La reciente detención de un comentarista político relanzó un viejo debate en Irak, ya que 18 años después de la caída de la dictadura de Sadam Husein algunas de las leyes en vigor bajo su reinado aún son utilizadas para acallar críticas.
Ibrahim al-Sumeidi fue detenido el pasado jueves en mitad de la noche en su domicilio tras una polémica que se desató por comentarios, difundidos en las redes sociales sin que él lo supiera, en los que criticó la reciente revisión de la ley que rige a la Corta Suprema.
Fue liberado el domingo por la noche tras haber declarado ante un tribunal de Bagdad, pero continúa acusado de «difamación», «insulto a las instituciones» y «falsas informaciones».

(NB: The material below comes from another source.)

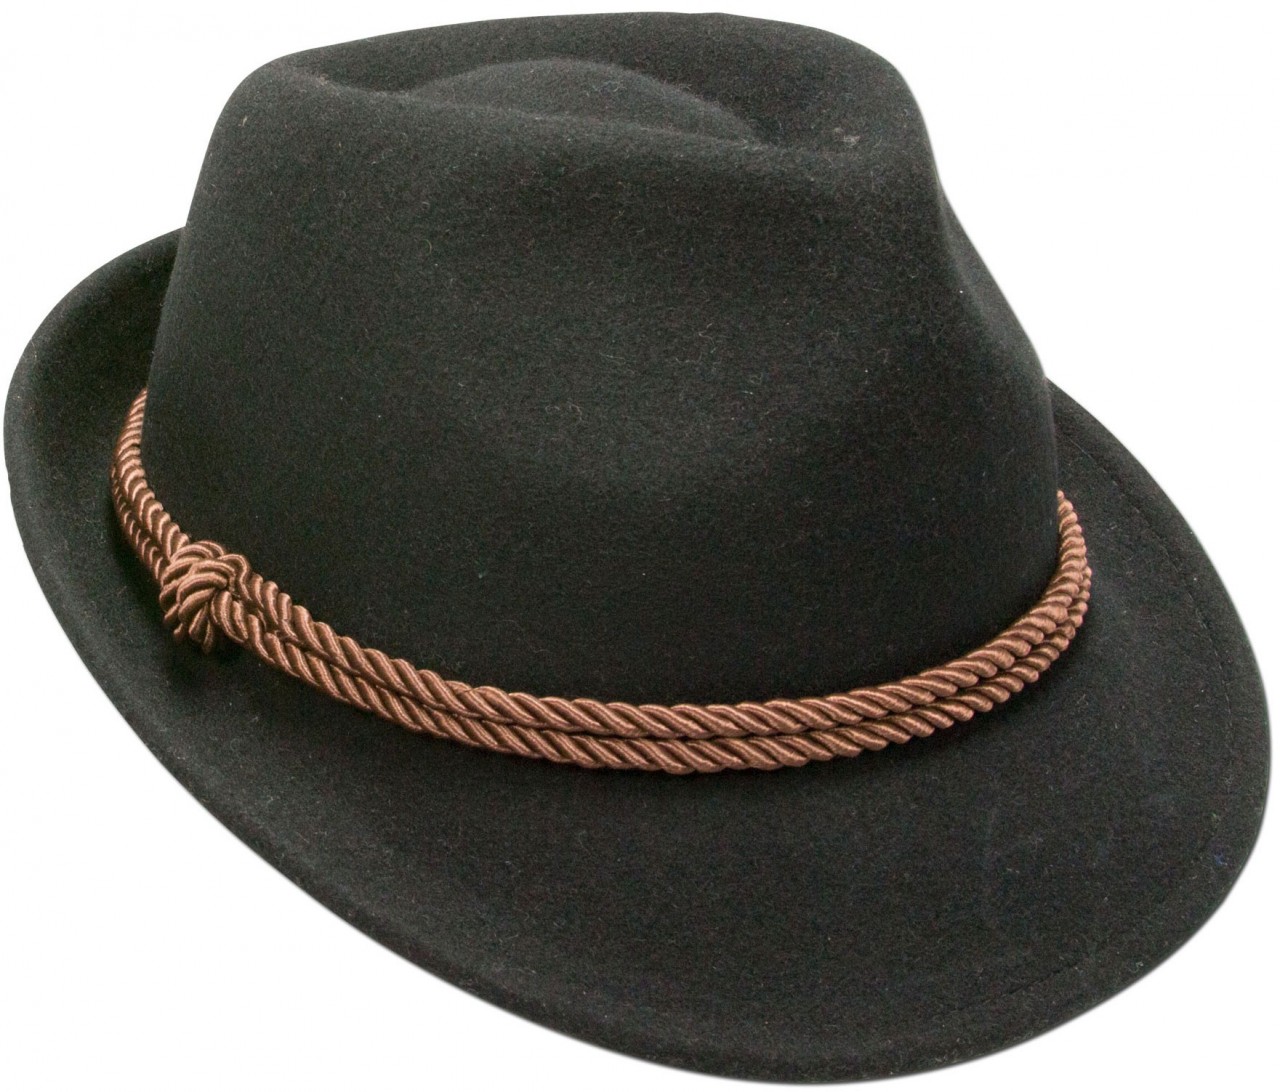 Podgląd: Tradycyjna filcowa czapka ze sznurkiem w kolorze czarnym

Estos cargos remontan al código penal de 1969, redactado poco después del golpe de Estado que llevó al poder al partido Baas de Sadam Husein, y que permaneció sin cambios en 2003 tras la reescritura de la Constitución bajo supervisión de los estadounidenses.
En aquella época, Estados Unidos afirmaba promover la libertad y la democracia en un país que acababa de invadir para poner fin al reinado de Sadam Husein, presidente durante 24 años, y al régimen del Baas, en el poder durante 35 años.
Hoy en día, «se emiten órdenes de detención contra periodistas, militantes o personas que manifiestan su opinión en Irak apoyándose en antiguas leyes de más de 50 años y que prevén a veces hasta la cadena perpetua o la muerte», se indigna el Observatorio de la Libertad de Prensa iraquí.
«Es necesario terminar con las leyes heredadas de los antiguos regímenes totalitarios, que contravienen la Constitución del Irak posterior a 2003», afirmó el director de esta oenegé, Ziad Ajili, en un comunicado.